Google has unveiled a new project, called Im2Calories, which will use deep learning algorithms to estimate how many calories are in food, based on a photo of the meal, according to a report from Popular Science.
The algorithm will estimate calories in a meal, which could be, for example, eggs, pancakes, and bacon, based on the size of the individual items compared to the size of the plate. Pictures do not have to be high resolution for the system to work either -- a shot from a smartphone would work as well.
Google Research Scientist Kevin Murphy, who discussed this project at an event in Boston last week explained that the algorithm is not very accurate, but the more pictures people take, the more it will improve.
“To me it's obvious that people really want this and this is really useful,” he said at the event. “Ok fine, maybe we get the calories off by 20 percent. It doesn't matter. We're going to average over a week or a month or a year. And now we can start to potentially join information from multiple people and start to do population level statistics. I have colleagues in epidemiology and public health, and they really want this stuff.”
Murphy added that in the future they want to use this technology to do scene analysis and offer users a traffic scene analysis and a prediction of where the most likely parking spot is.
Other companies have incorporated photo taking into nutrition tracking offerings in recent years. A similar tool, called Meal Snap, which MobiHealthNews included in a roundup last year, aimed to calculate what’s in food and how many calories it has, based on food photos. This app is no longer available in the US Apple App Store.

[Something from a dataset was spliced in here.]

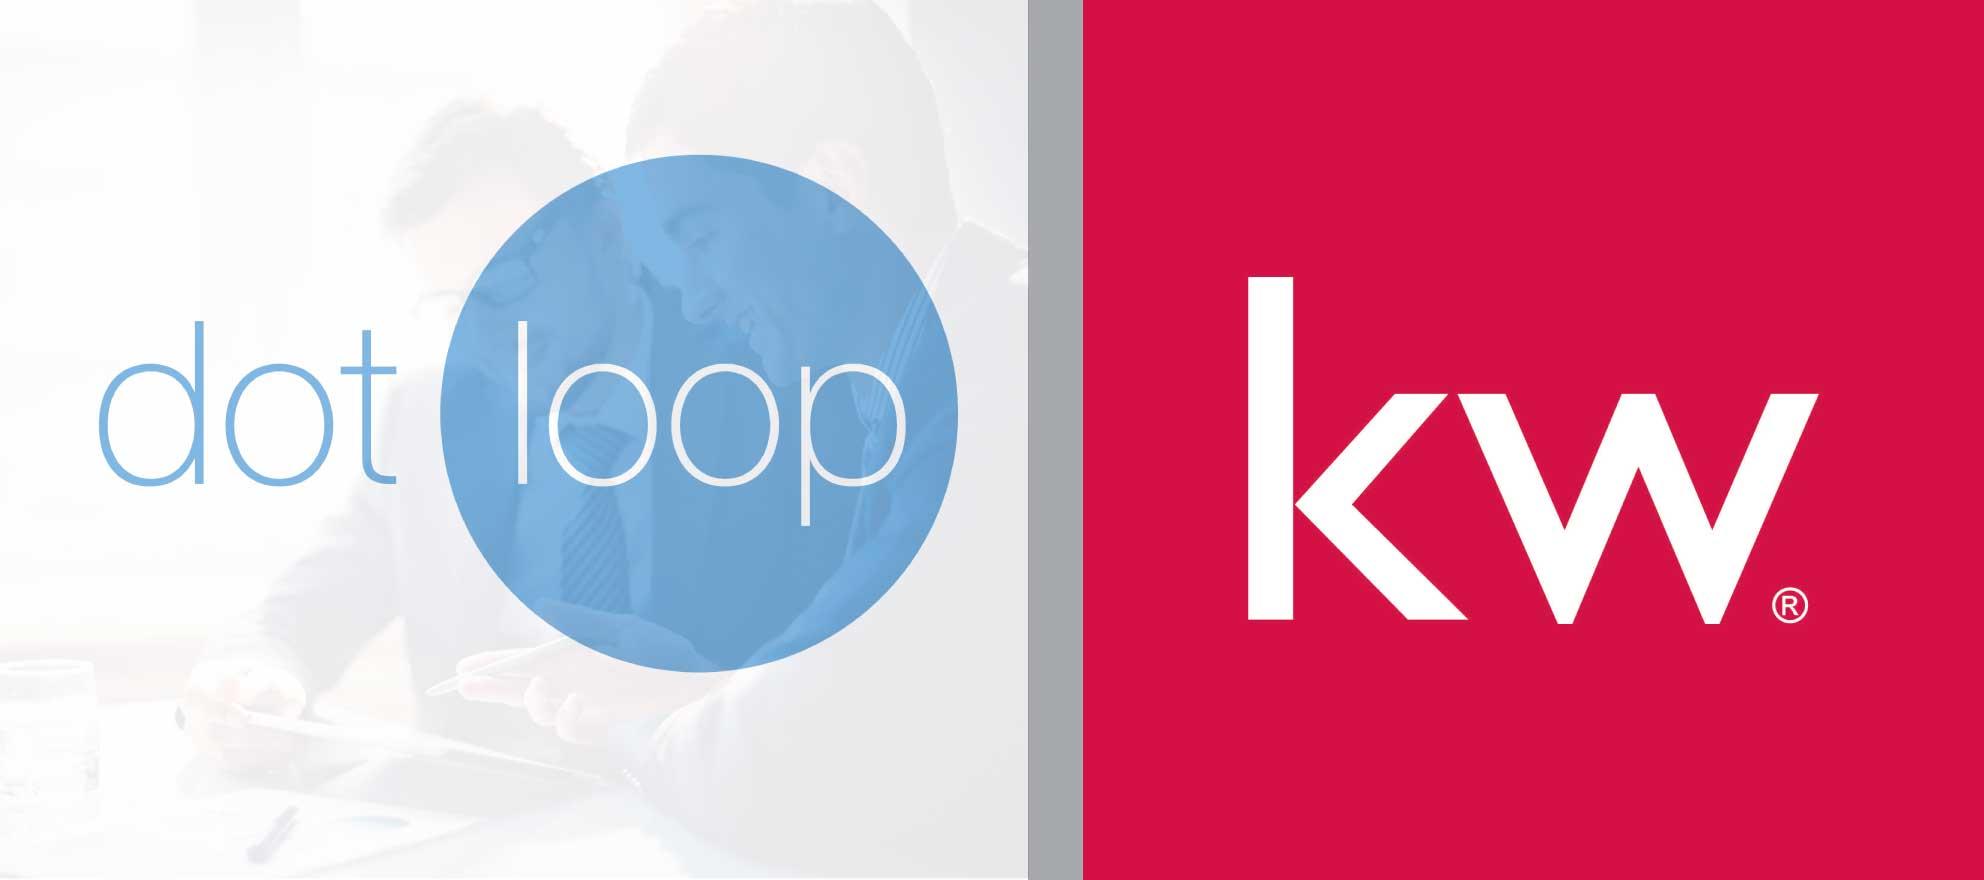 Keller Williams re-ups with dotloop for 5 more years

Another app, called Eat It Tweet It, integrates with Twitter and offers users a portal to tweet exclusively about their diet. The app includes preset hashtags and a camera feature to take a picture of the meal. A study of the app showed that young adults found it useful for tracking food consumption, though that study didn’t look at weight loss outcomes.
And The Eatery, an app developed by Massive Health, which Jawbone acquired in February 2013, also used a smartphone camera as the input mechanism, but rather than calculating the nutritional value with an algorithm, it crowdsourced the food rating from other Eatery users who rated how healthy the meals were on a sliding scale.